Data block
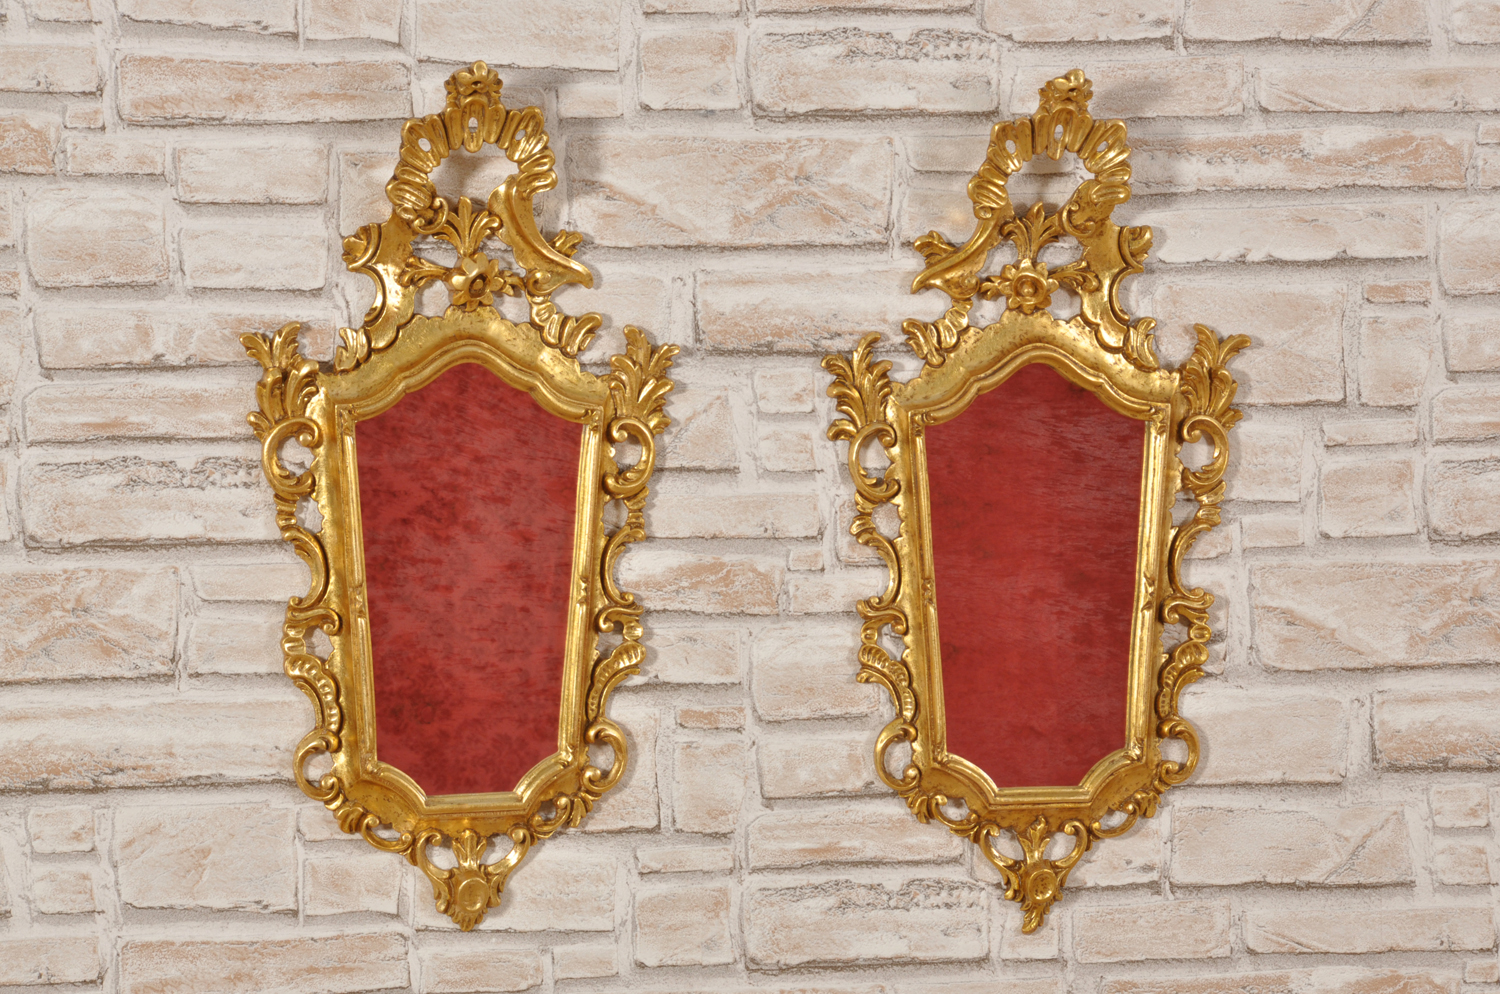 il brand di lusso Vangelista ha riprodotto una coppia di importanti specchiere veneziane ventole intagliate e scolpite a mano come il modello del XVIII secolo dorate in foglia oro patinato
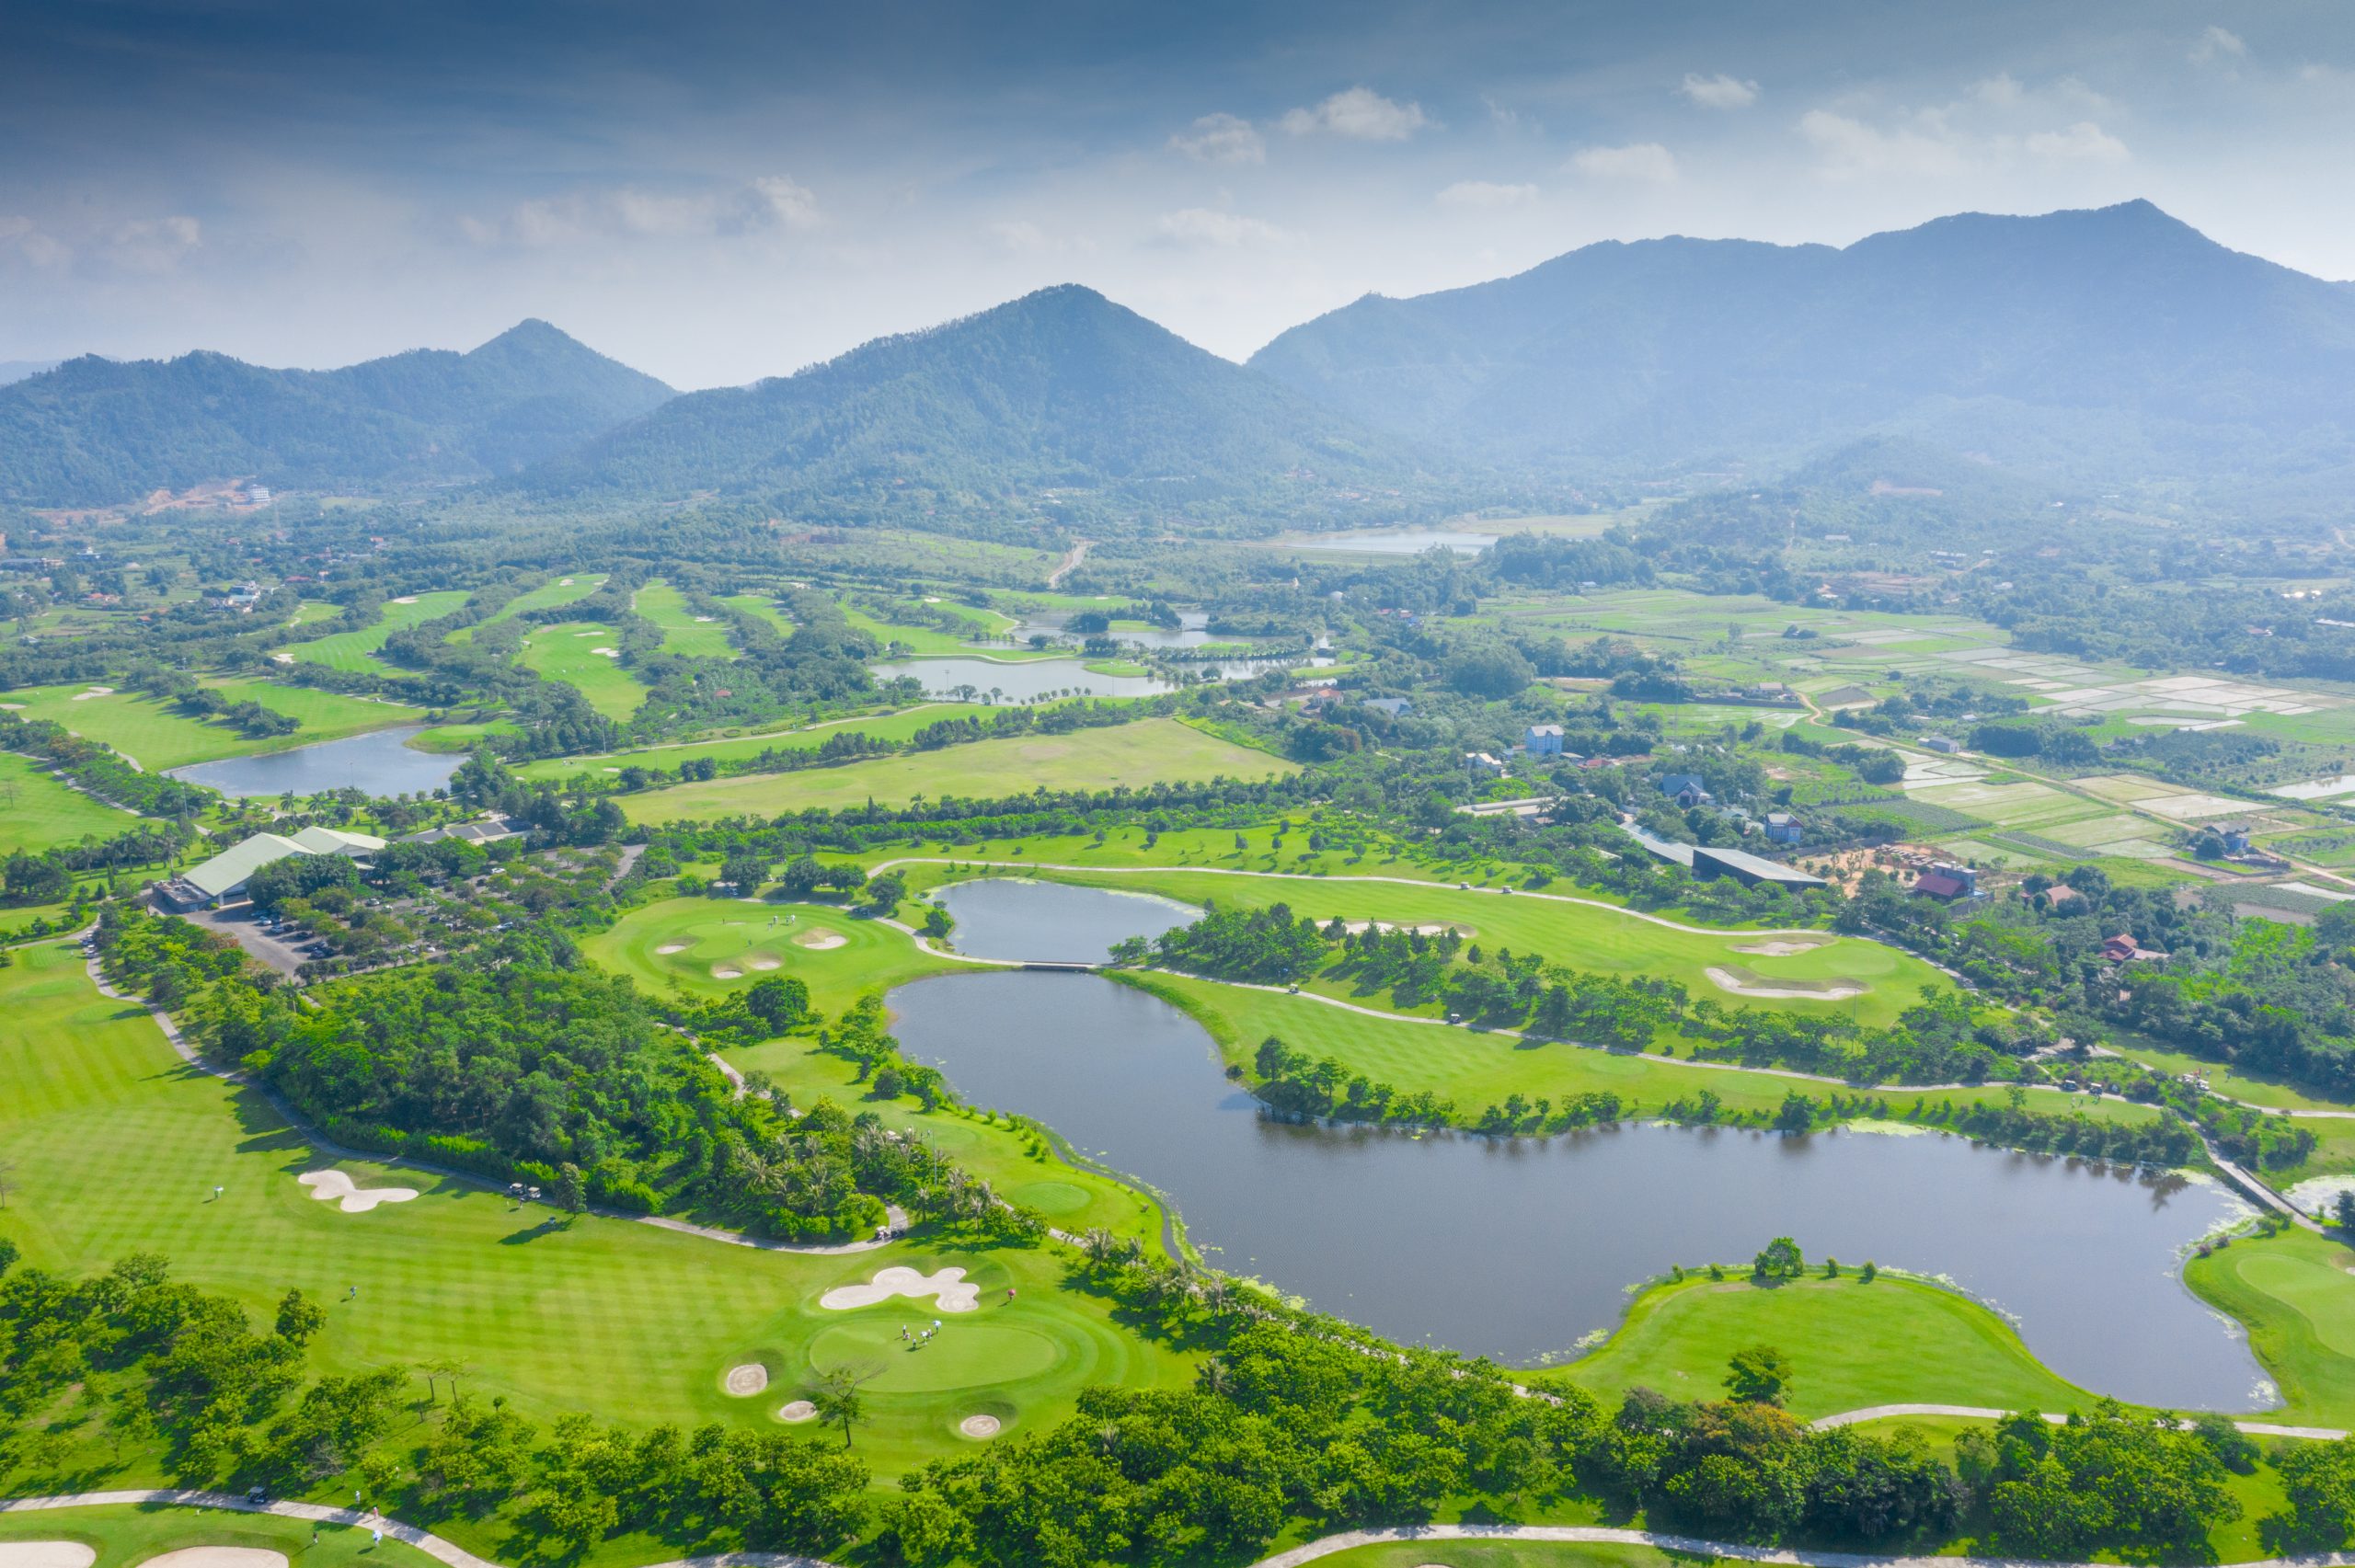 Viet Green Golf, 5 sân golf Hà Nội đẹp và chất lượng
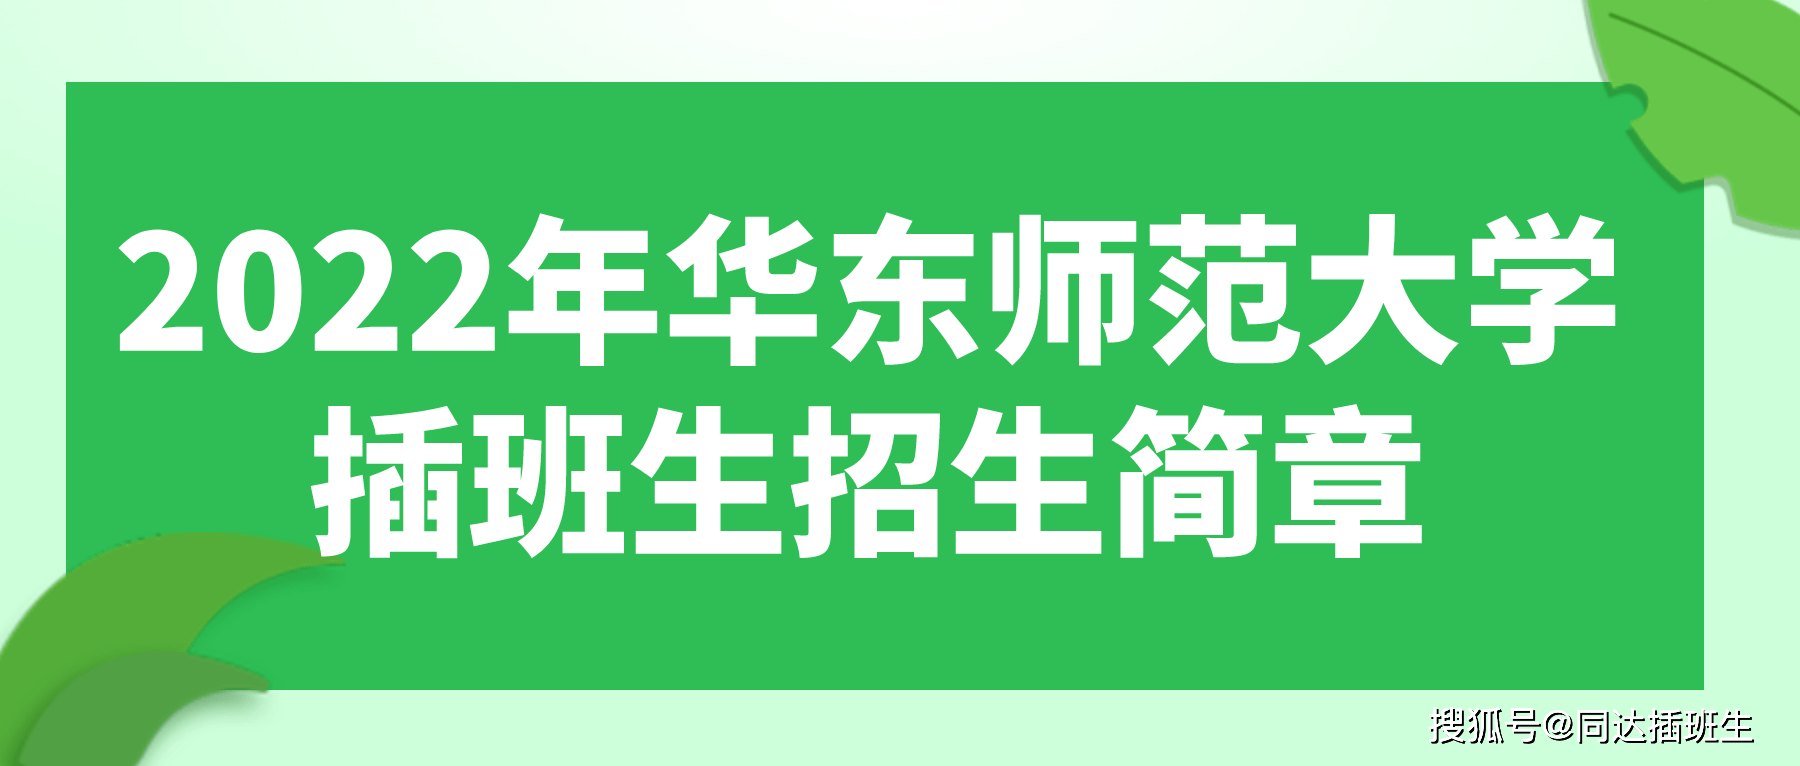 上海插班生-2022年华东师范大学插班生招生简章及报名条件汇总

What to work on
Output all lines above precisely. Pictures are to be left out.

Output below
 il brand di lusso Vangelista ha riprodotto una coppia di importanti specchiere veneziane ventole intagliate e scolpite a mano come il modello del XVIII secolo dorate in foglia oro patinato
 Viet Green Golf, 5 sân golf Hà Nội đẹp và chất lượng
 上海插班生-2022年华东师范大学插班生招生简章及报名条件汇总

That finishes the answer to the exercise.